Since Array.some returns true as soon as any element is found to match the specified condition, we can have the condition be whether an element is not included in the array, in which case the check will be short-circuited upon the first non-included element (if any) and fail early without wasting time checking more elements.

Then of course we return the opposite of what .some returned, by flipping it with the ! operator, since we would rather know directly whether all elements are included, as opposed to whether any element was not included.

---

Here's an idiomatic solution:

function includes(arr, ...args) {
  return args.map(arg => arr.includes(arg))
    .filter(Boolean).length == args.length;
}

Here's an example or two of how to use it:

function includes(arr, ...args) {
  return args.map(arg => arr.includes(arg))
    .filter(Boolean).length == args.length;
}

const array = [1, 2, 3, 4, 5, 6, 7, 8, 9];

console.log(
  includes(array, 1, 2, 3, 4, 5, 6, 7, 8, 9), // true
  includes(array, 1, 2, 3, 4, 5, 6, 7, 8, 9, 10) // false
);

What it does is creates a new array whose elements are either true or false based on whether the parameter at their corresponding index exists in the array in question. Then it filters out all the false elements. If the remaining array is still the same length as the original array, then all the elements were true and every parameter must be included in the original array.

Answer 2

function includes1to9(section) {
  return [...new Set(section)]
    .filter(num => num > 0 && num < 10).length === 9;
}

console.log(includes1to9([8, 9, 5, 7, 4, 2, 8, 3, 6])); // F
console.log(includes1to9([-1, 9, 5, 7, 4, 2, 1, 3, 6])); // F
console.log(includes1to9([10, 9, 5, 7, 4, 2, 1, 3, 6])); // F
console.log(includes1to9([8, 9, 5, 7, 4, 2, 1, 3, 6])); // T

Answer 3

The way your current logic works is like an OR gate.

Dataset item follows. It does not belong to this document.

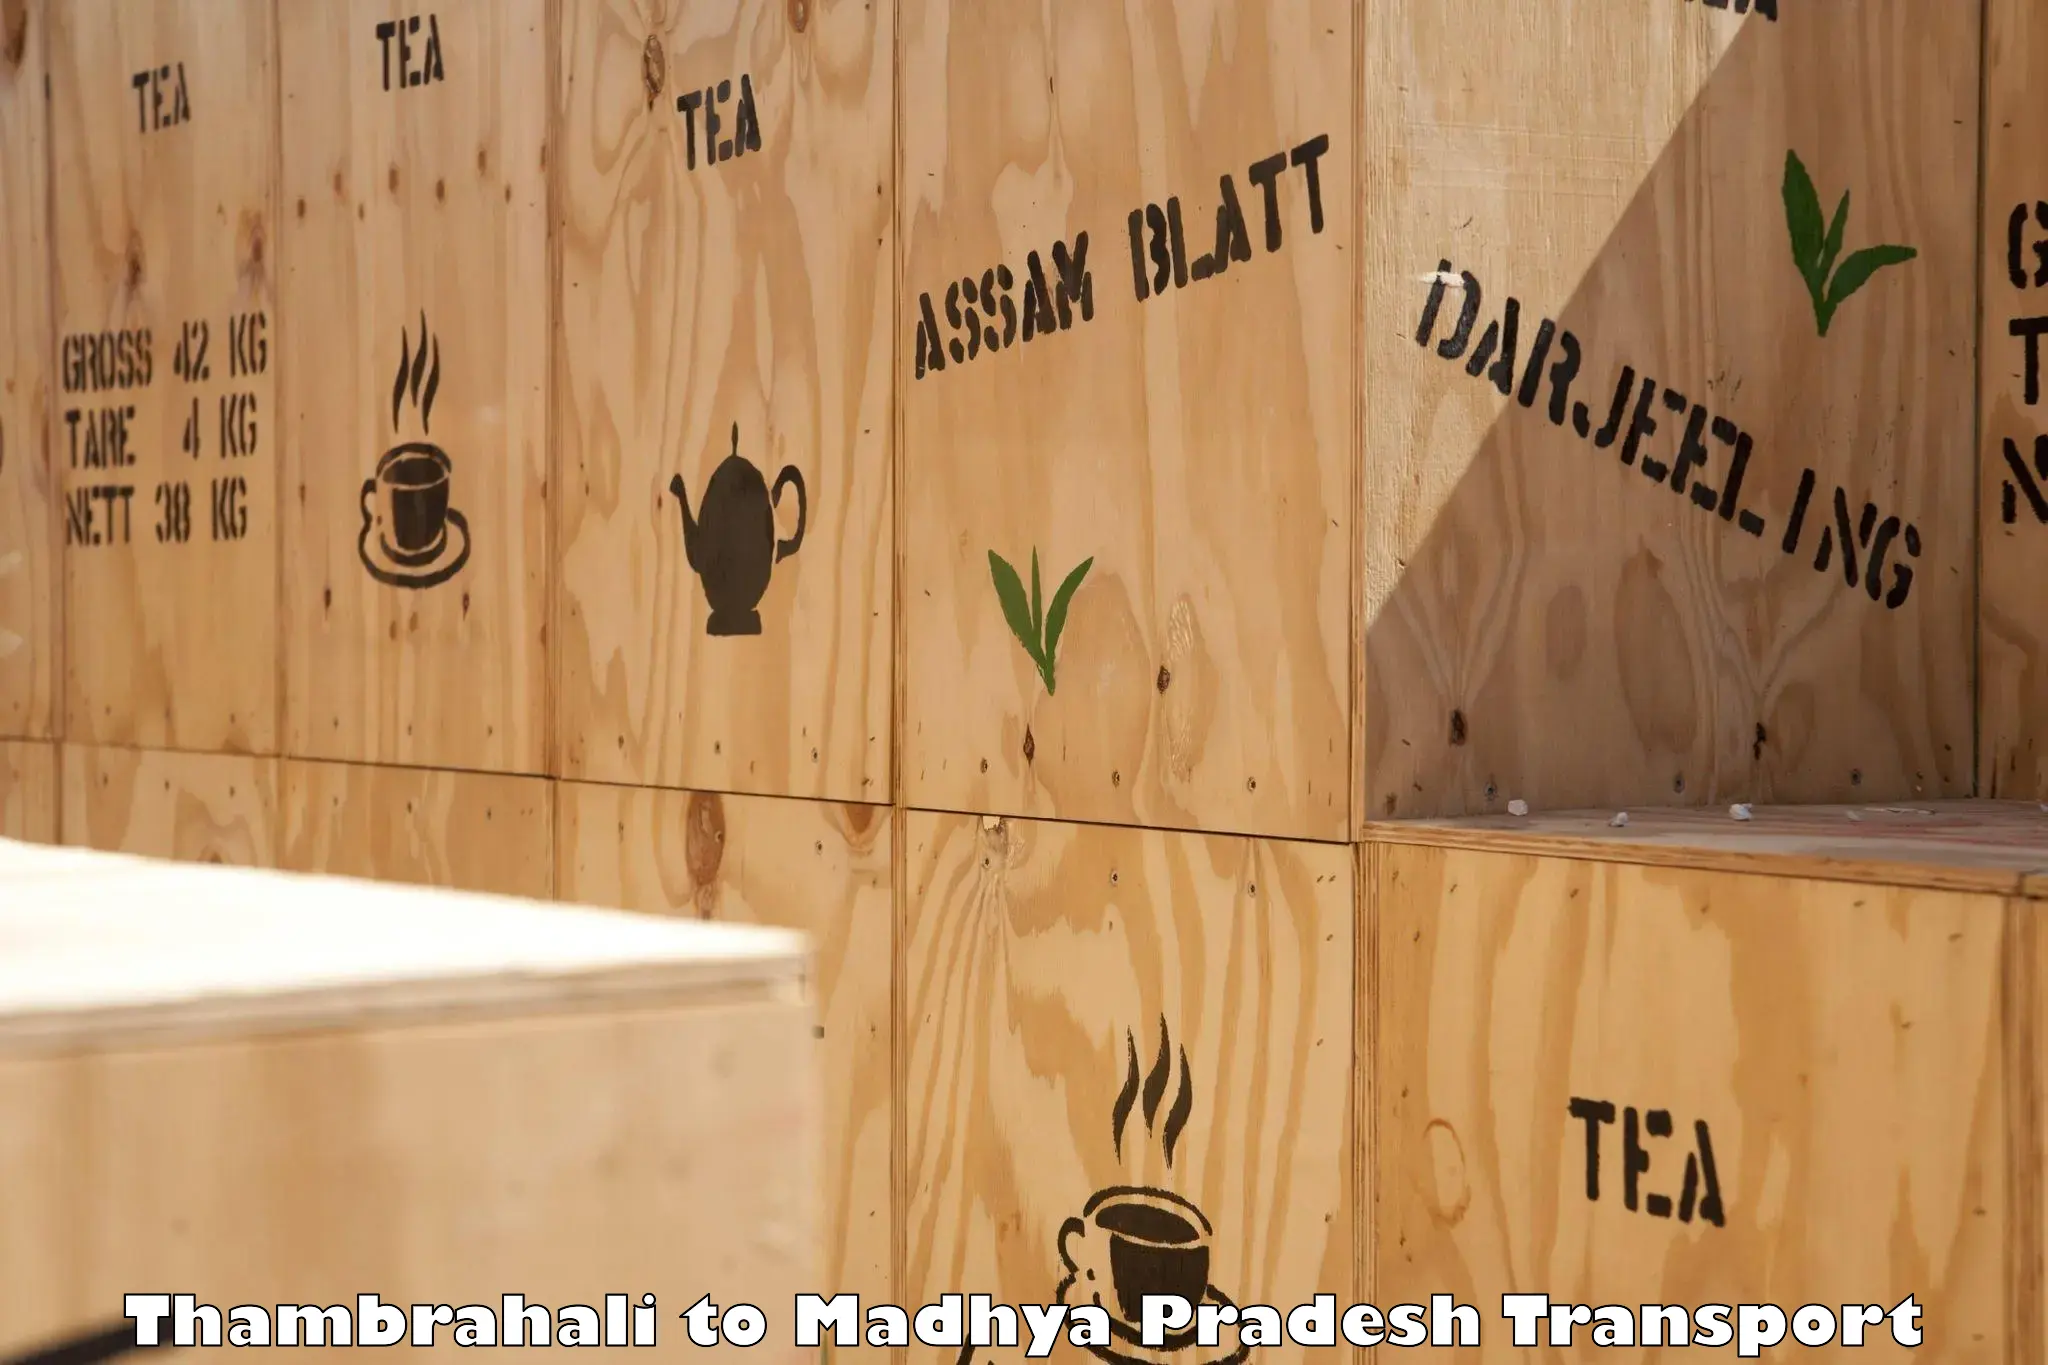 Furniture transport service Thambrahali to Amarwara

You return true if any of the numbers are included. I can see in your commented out attempt that you tried to make this an AND gate, but unfortunately you can't just string together parameters like that for the include function. You'll have to write your own AND gate. You can do that by setting an initial variable to true and then only setting it to false if any of the digits do not appear:

function includes1to9 (subSection) {
     let andGate = true;
     for (let i = 1; i < 10; i++) {
         if (!subSection.includes(i)) {
             andGate = false;
         }
     }
     return andGate;
}

This assumes that the subsection is 9 elements long, in which case if every number appears once there must be no duplicates, so there is no need to check for duplicates.

Answer 4

Loop over the array and create an object representing whether or not each element exists. Such an object is easier to verify.

function includes1to9 (subSection) {
    if(subSection.length !== 9) return false;
    const vis = subSection.reduce((vis,cur)=>(vis[cur]=true,vis), {});
    const keys = Object.keys(vis);
    const allowed = [1,2,3,4,5,6,7,8,9];
    return keys.length === 9 && keys.every(key=>allowed.includes(+key));
}
console.log(includes1to9([1,9,8,7,6,5,4,3,2]));